■ What you will do ■
Please, without any pictures, set down exactly the part of the listing below that opens with the line containing "Gucci ring in" and closes with the line containing "I'm not drunk I'm just clumsy t shirt black".

+++ Source records

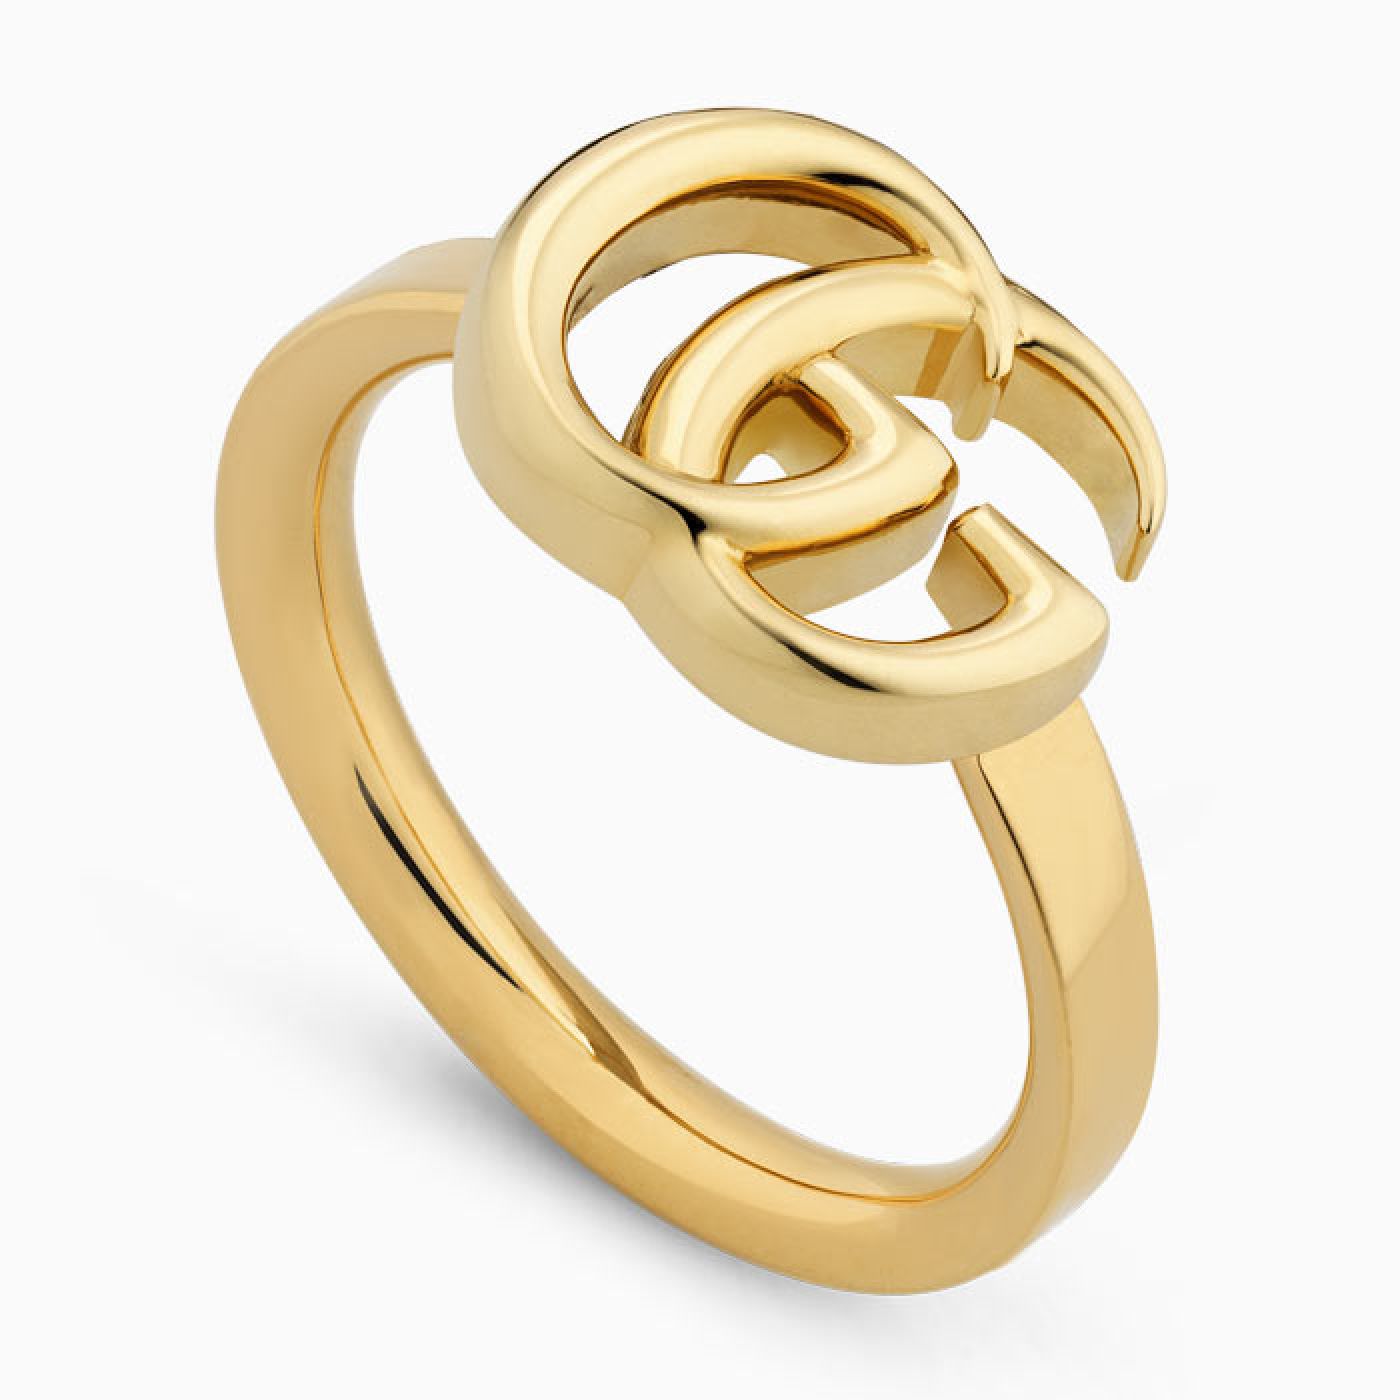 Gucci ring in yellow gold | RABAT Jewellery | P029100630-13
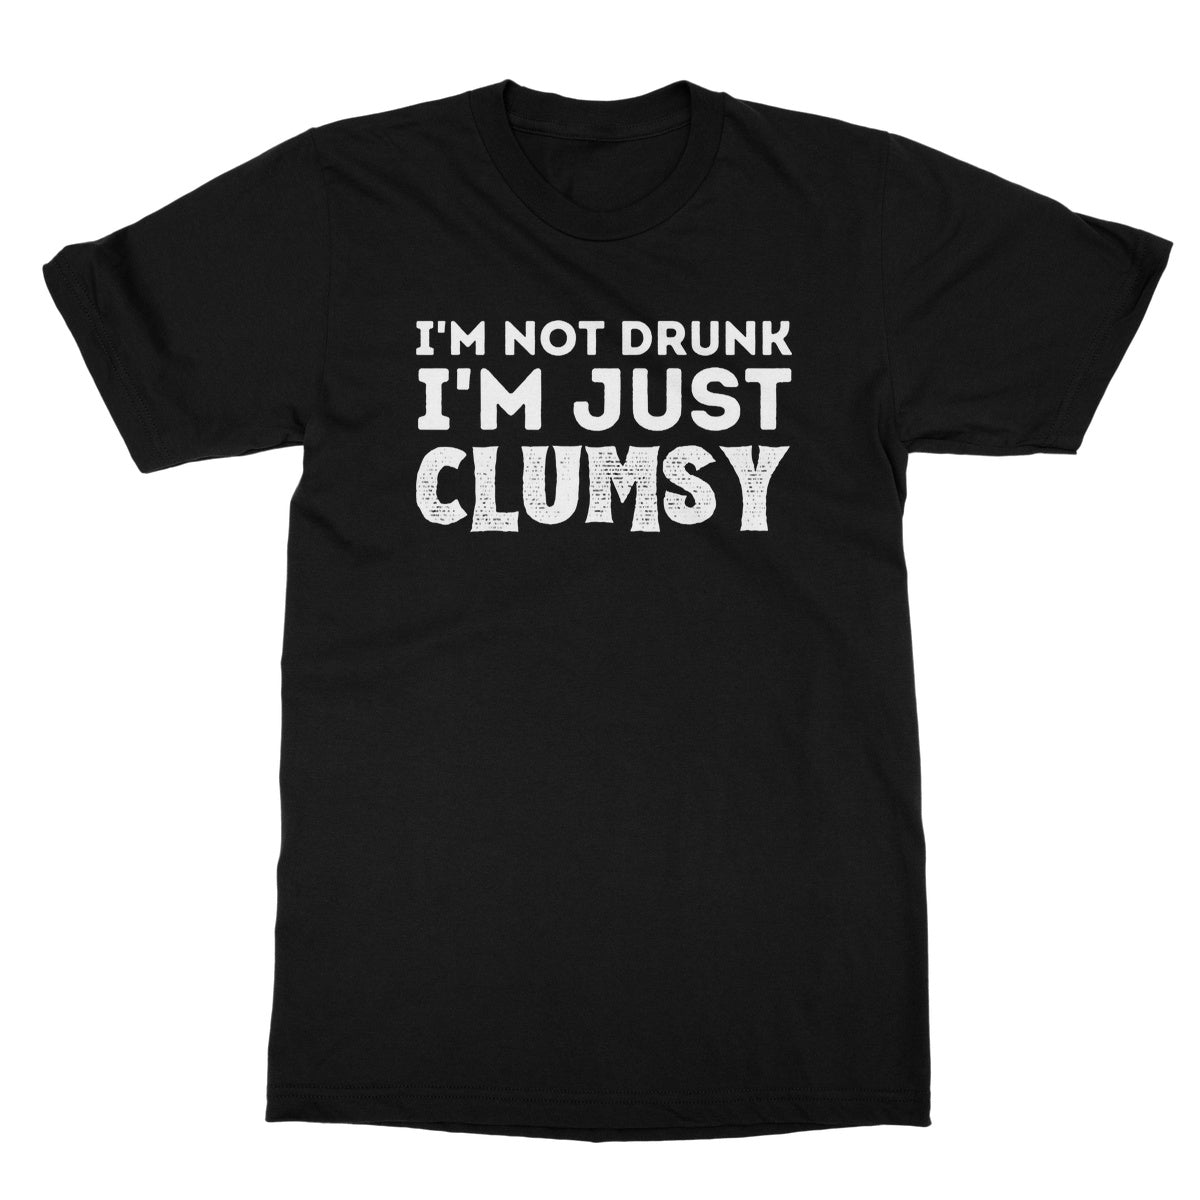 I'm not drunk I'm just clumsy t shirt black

++++++
+++ Source records

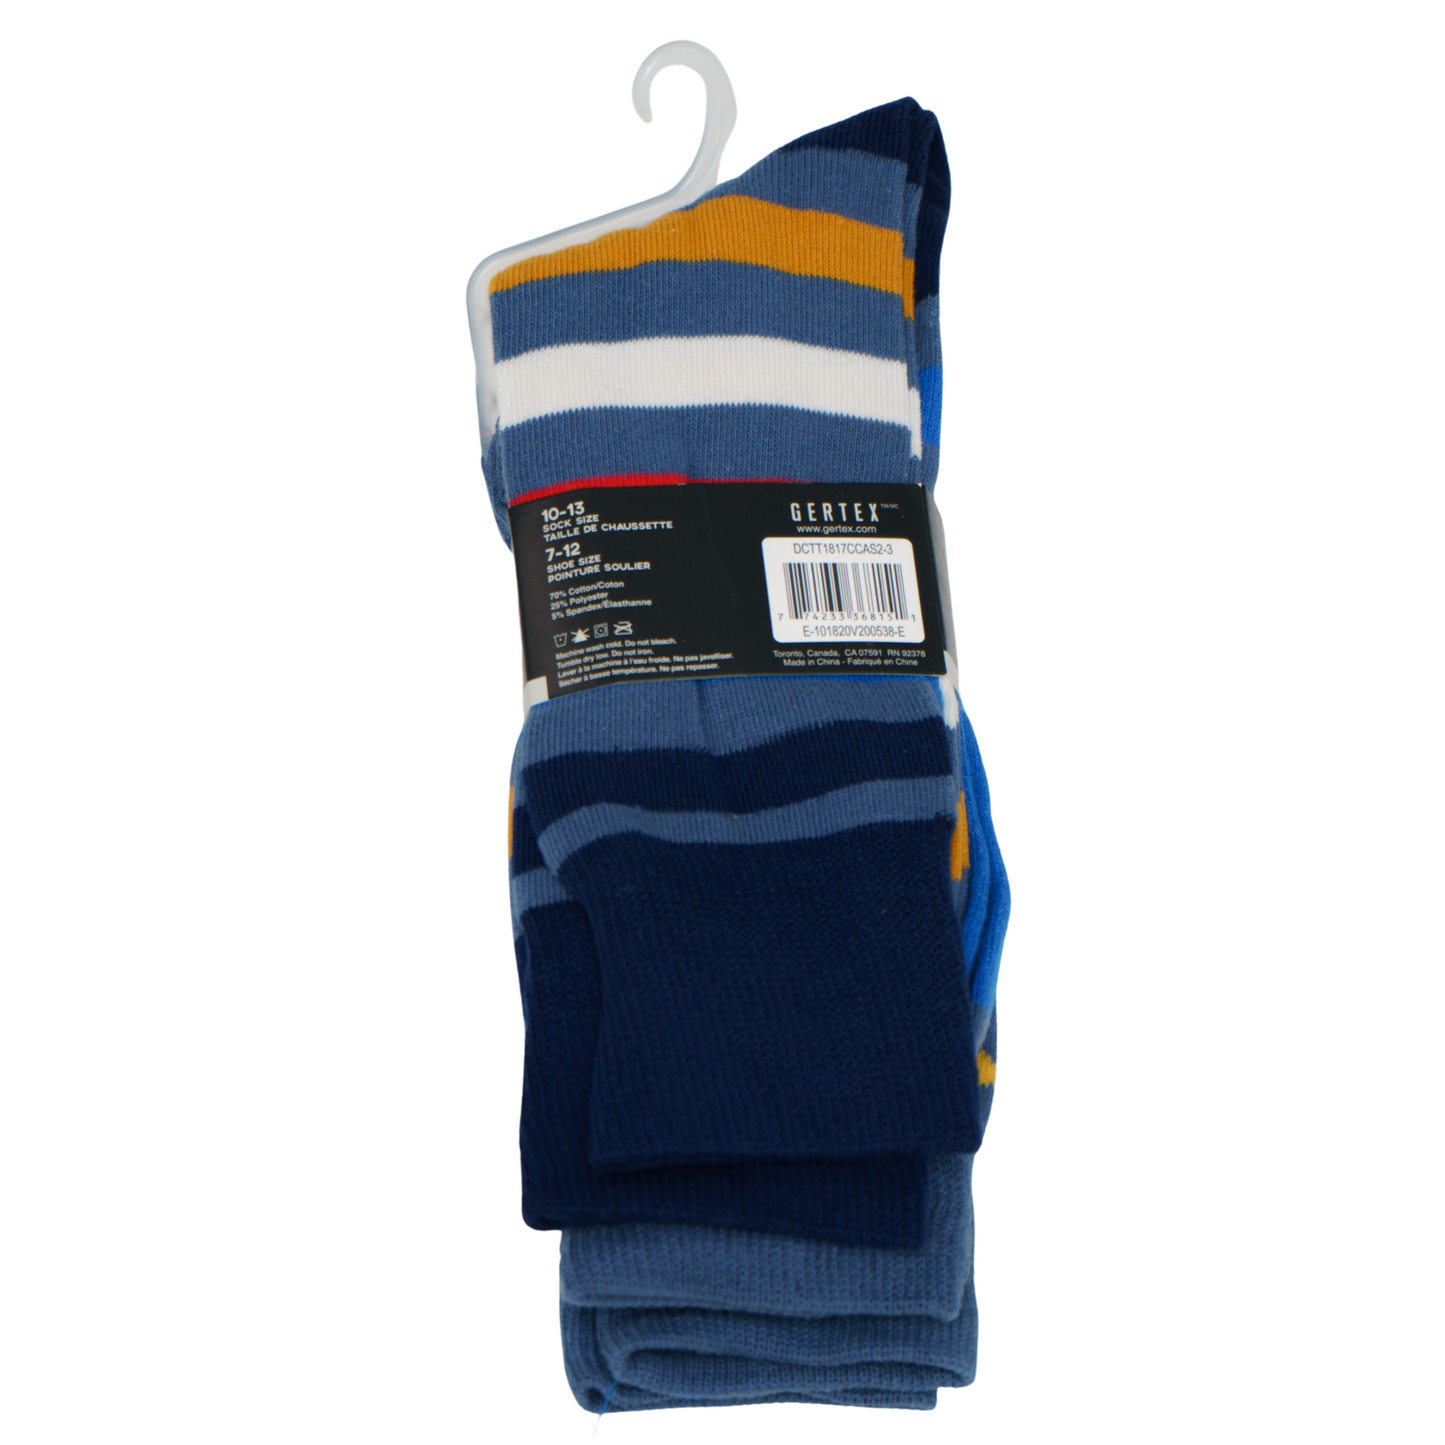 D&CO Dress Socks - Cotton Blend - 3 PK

++++++

■ Answer section ■
 Gucci ring in yellow gold | RABAT Jewellery | P029100630-13
 I'm not drunk I'm just clumsy t shirt black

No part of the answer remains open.